Widi terkejut. Diambil menantu?
“Kamu saya jodohkan sama Danang, bagaimana nduk?”
Widi semakin terkejut.
“Danang? Ogah. Mata keranjang begitu, bisa sakit darah tinggi aku.” Kata batin Widi.
“Kok senyum-senyum, mau kan?” bu Ismoyo mendesak.
“Tidak bude, jangan.. Widi masih ingin kuliah..”
“Ya ditunggu lah, sampai kamu selesai kuliah..yang penting kamu mau, nanti aku bicara sama bapakmu.”
“Aduh...” wajah Widi pucat tiba-tiba.
“Ibu, jangan membuat Widi takut. Pertama, Widi dan Danang itu kan saudara sepupu. Kedua, Widi sudah punya pacar. Ya kan Wid?”

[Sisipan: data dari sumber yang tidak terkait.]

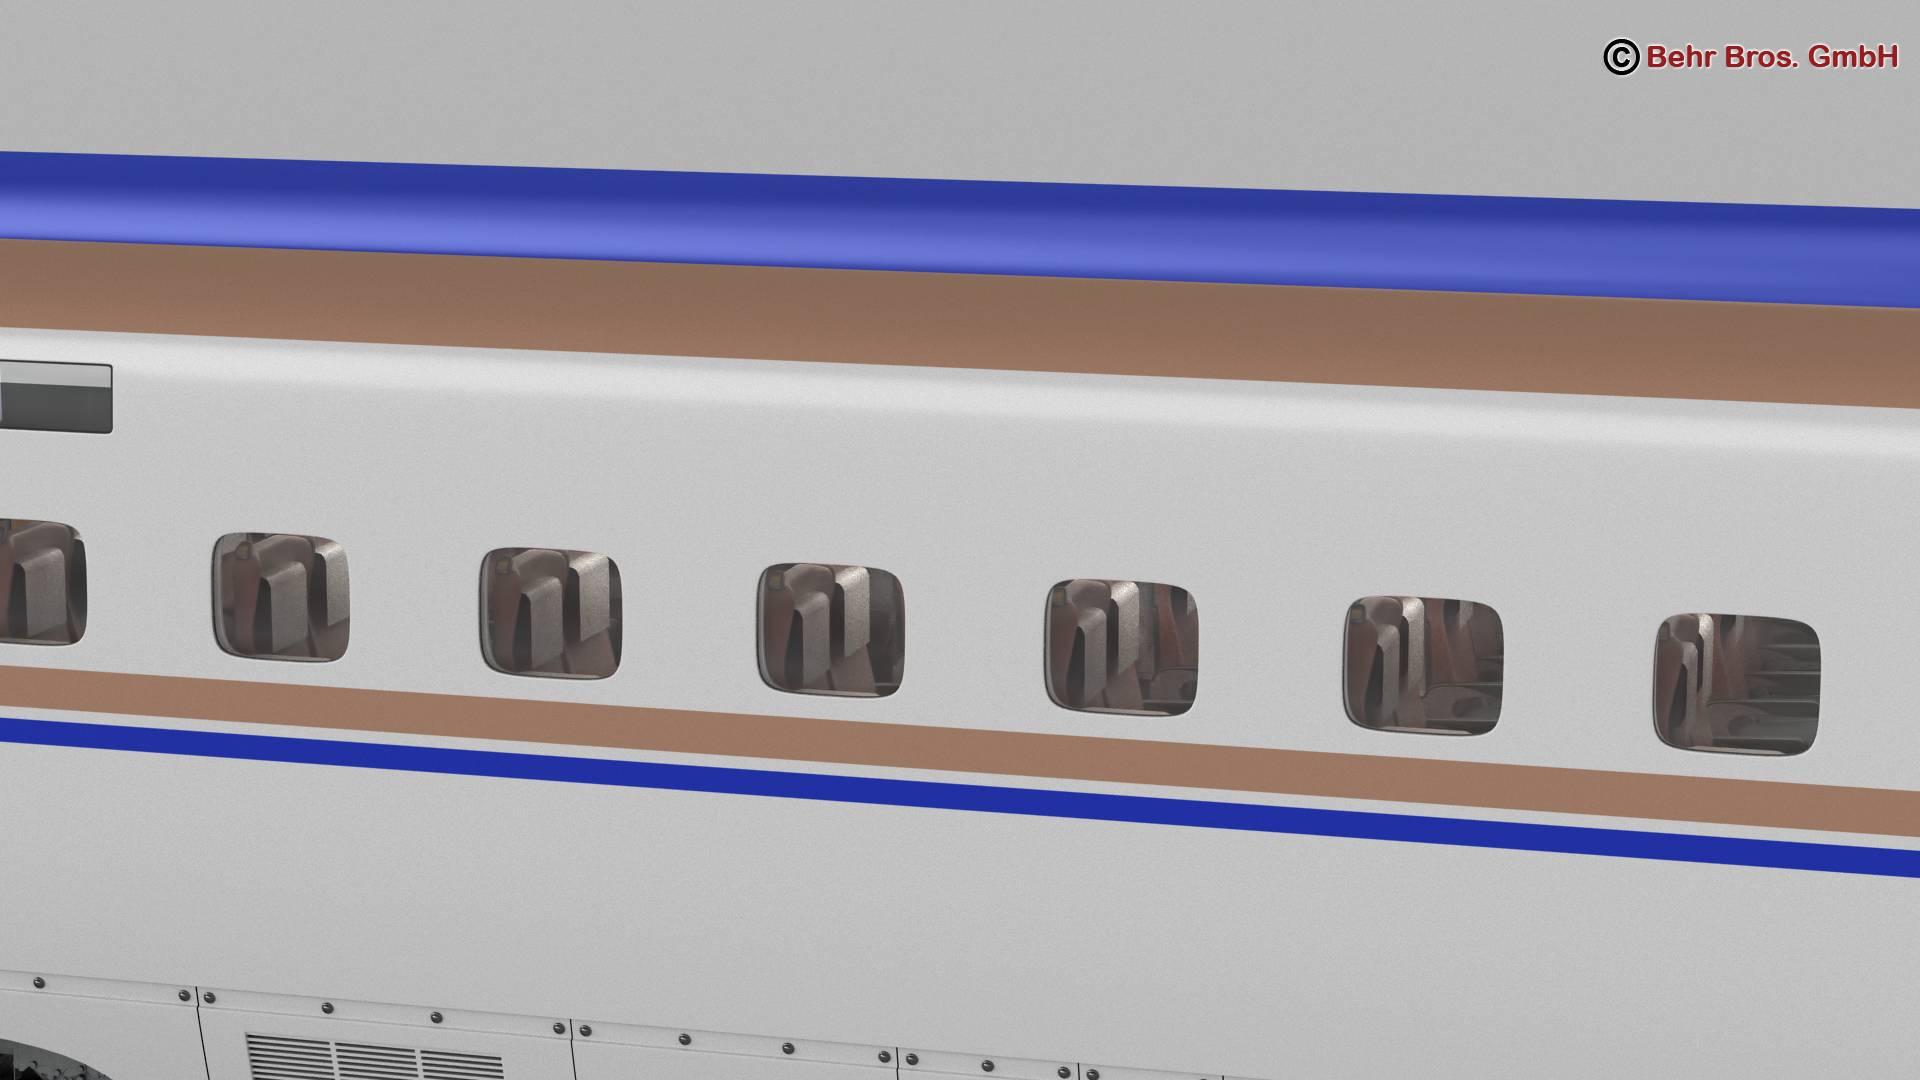 shinkansen e7 3d model 3ds max fbx c4d lwo ma mb obj 265656

Widi menunduk dan tersipu.
“Iya Wid, kamu sudah punya pacar?”
“Bude, Widi hanya belum memikirkannya.”
“Sedih aku ini memikirkan Danang. Kapan mau punya isteri. Pacaran terus nggak ada yang dipilih.”
“Ibu tidak usah terlalu memikirkan Danang. Dia sudah dewasa, nanti kalau sa’atnya tiba pasti dia akan mendapat jodoh.”
Tiba-tiba terdengar mobil memasuki halaman. Handoko menatap kedepan.
“Isteri kamu bukan?”
“Iya bu.”
“Ibu nggak mau rame-rame disini. Ibu mau pamit saja. Tolong panggilkan ibu taksi.”
“Lho, bude kok buru-buru?”
“Bude sudah lama nduk, tolong Han, panggilkan taksi.”
“Miraaah...”
“Ya bapak,”
“Tolong ambilkan ponselku di kamar.”
Ketika Handoko memanggil taksi, Palupi masuk kedalam rumah.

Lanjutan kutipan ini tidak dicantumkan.